▶ [Information given]
<<<<

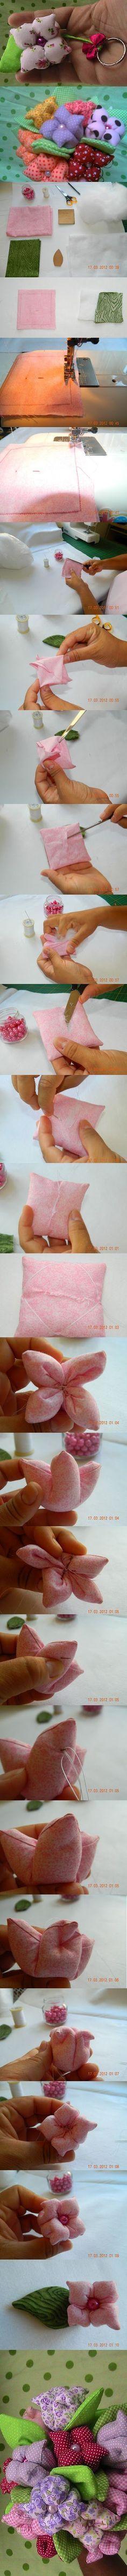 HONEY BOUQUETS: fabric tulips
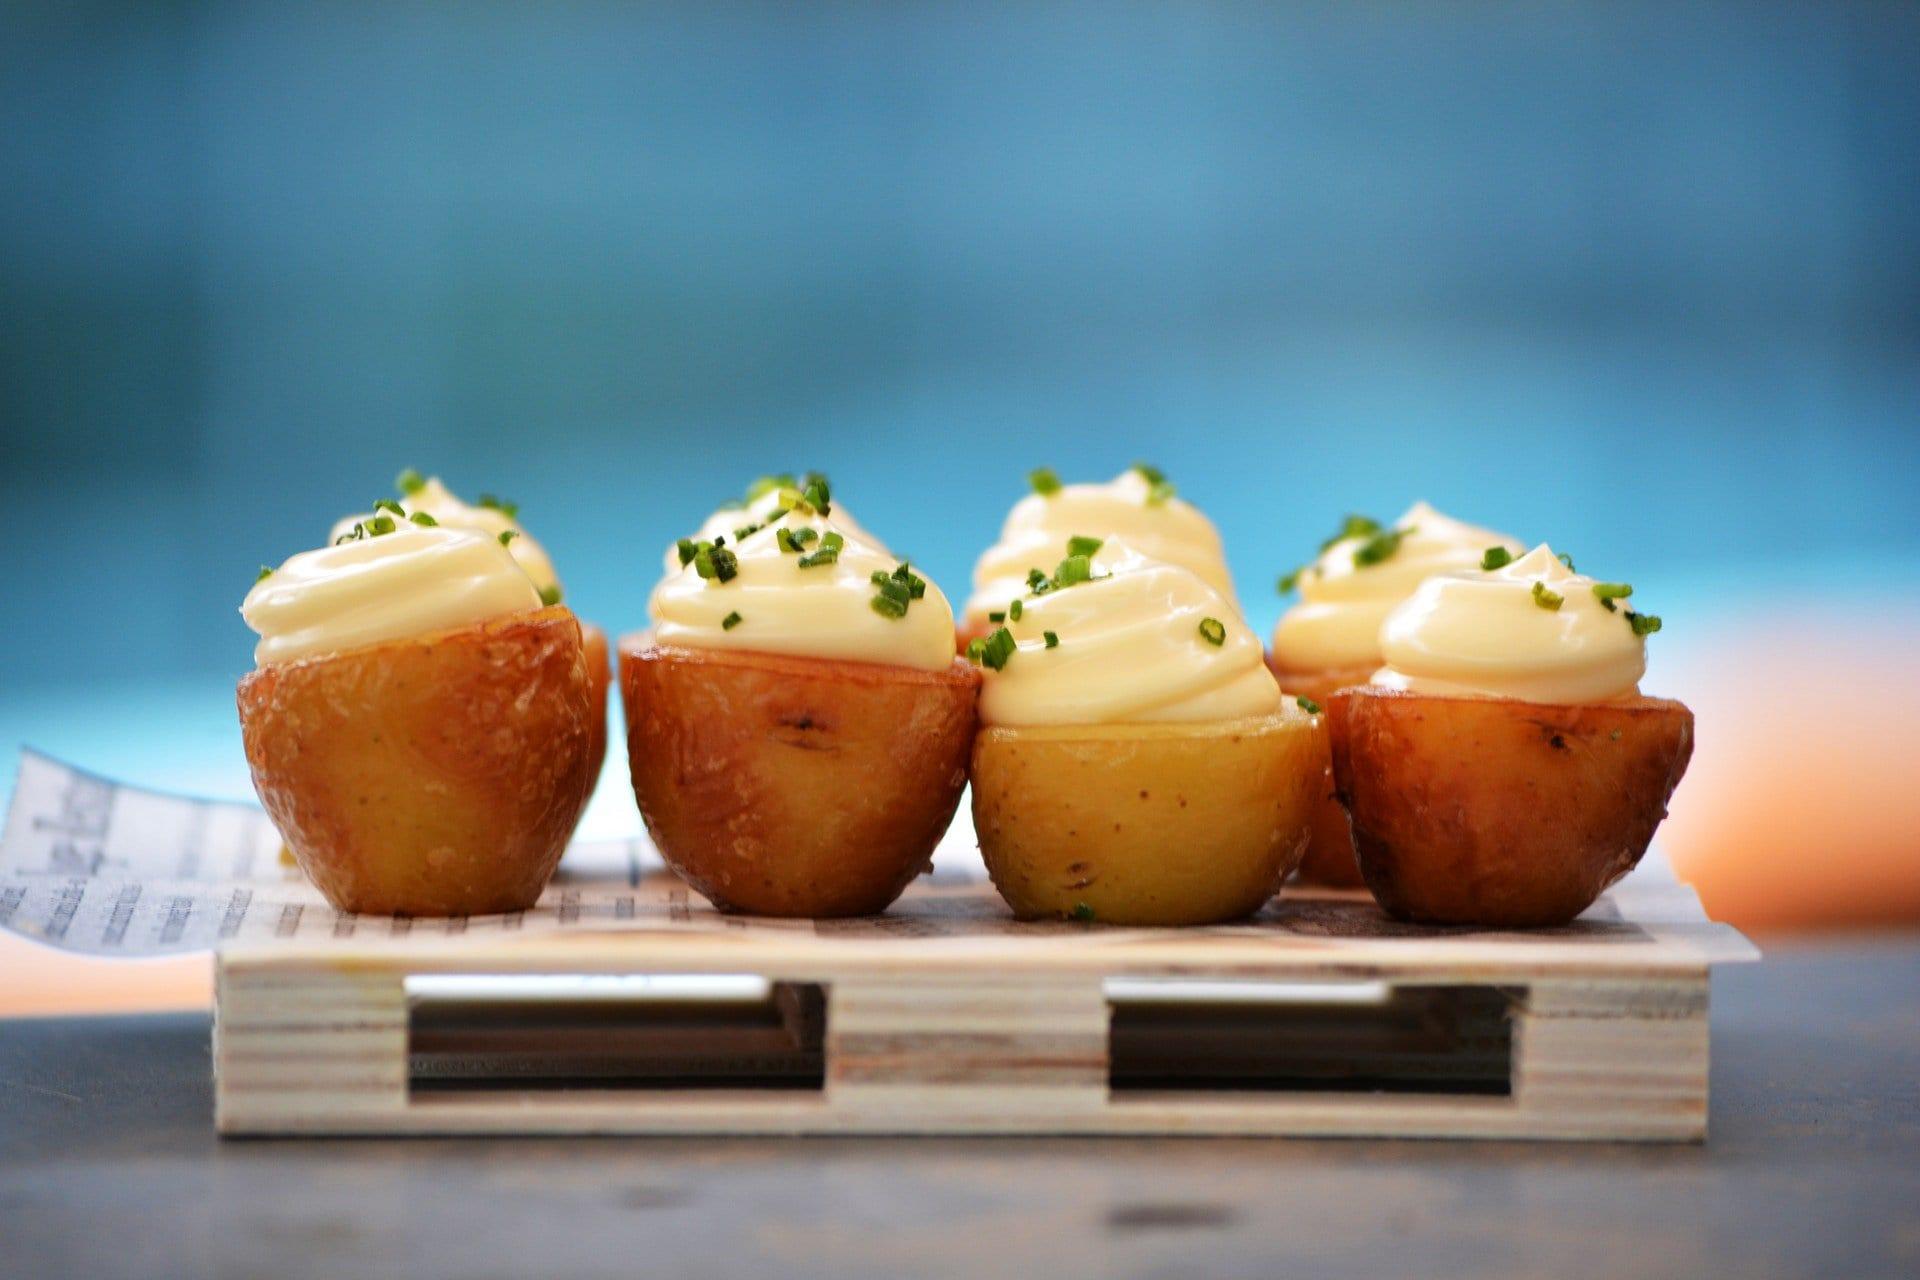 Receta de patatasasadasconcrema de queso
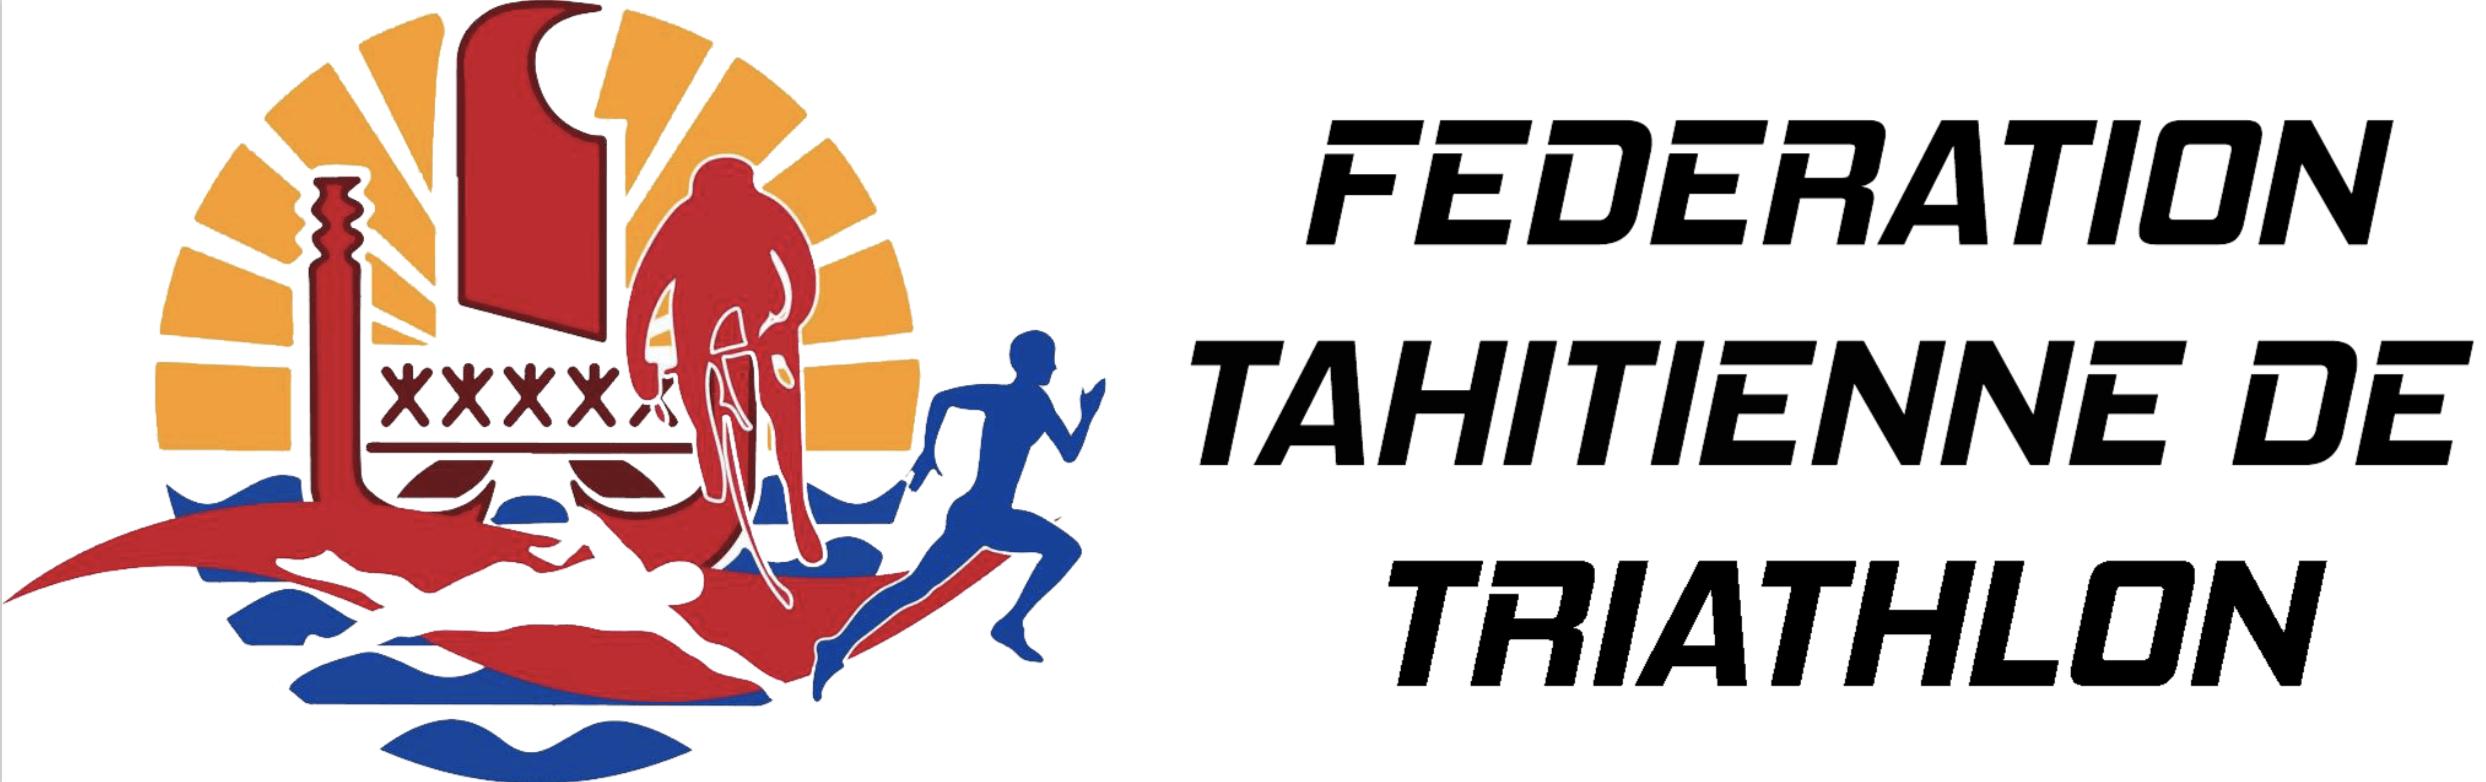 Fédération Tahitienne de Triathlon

>>>>
<<<<

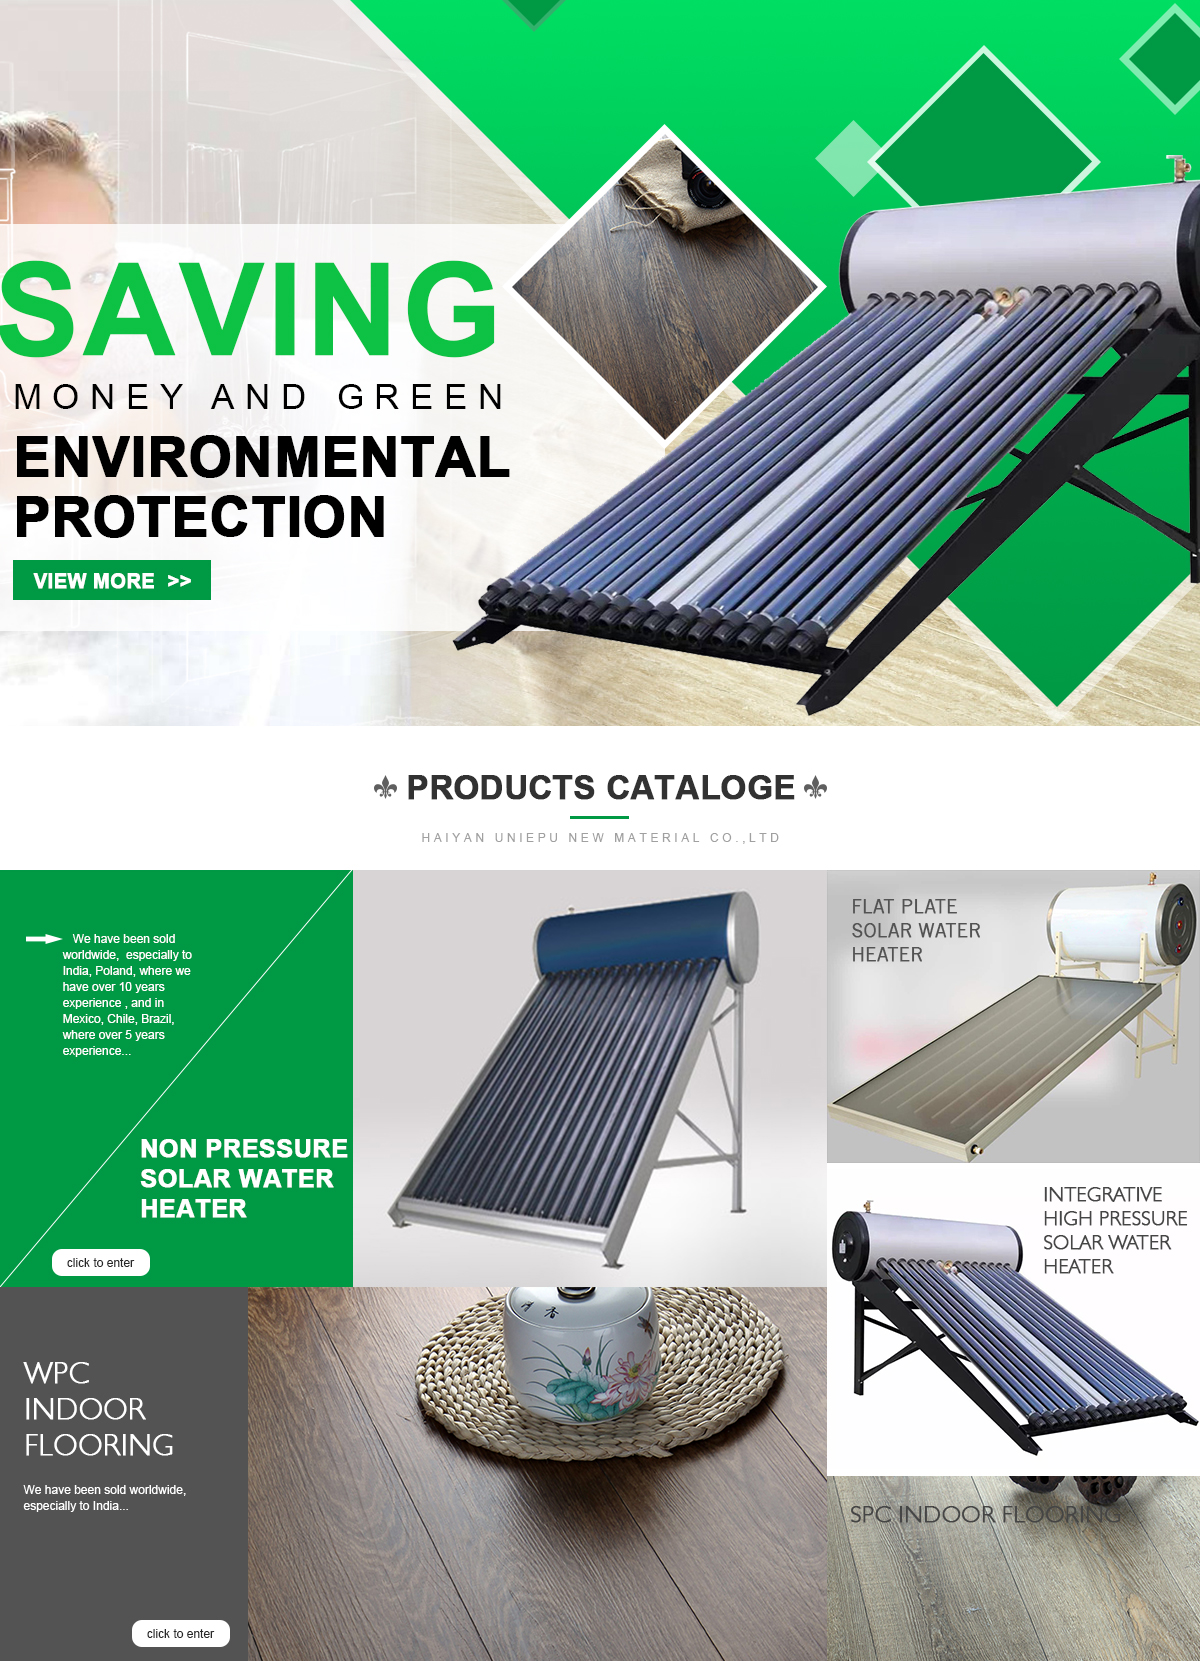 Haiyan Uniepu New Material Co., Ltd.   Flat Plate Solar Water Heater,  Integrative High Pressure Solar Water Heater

>>>>

▶ [Directions] Word for word, write out the lines above running from the one with "Receta de patatasasadasconcrema de queso" up to and including the one with "Fédération Tahitienne de Triathlon". Drop any picture.

▶ [Result for this task]
 Receta de patatasasadasconcrema de queso
 Fédération Tahitienne de Triathlon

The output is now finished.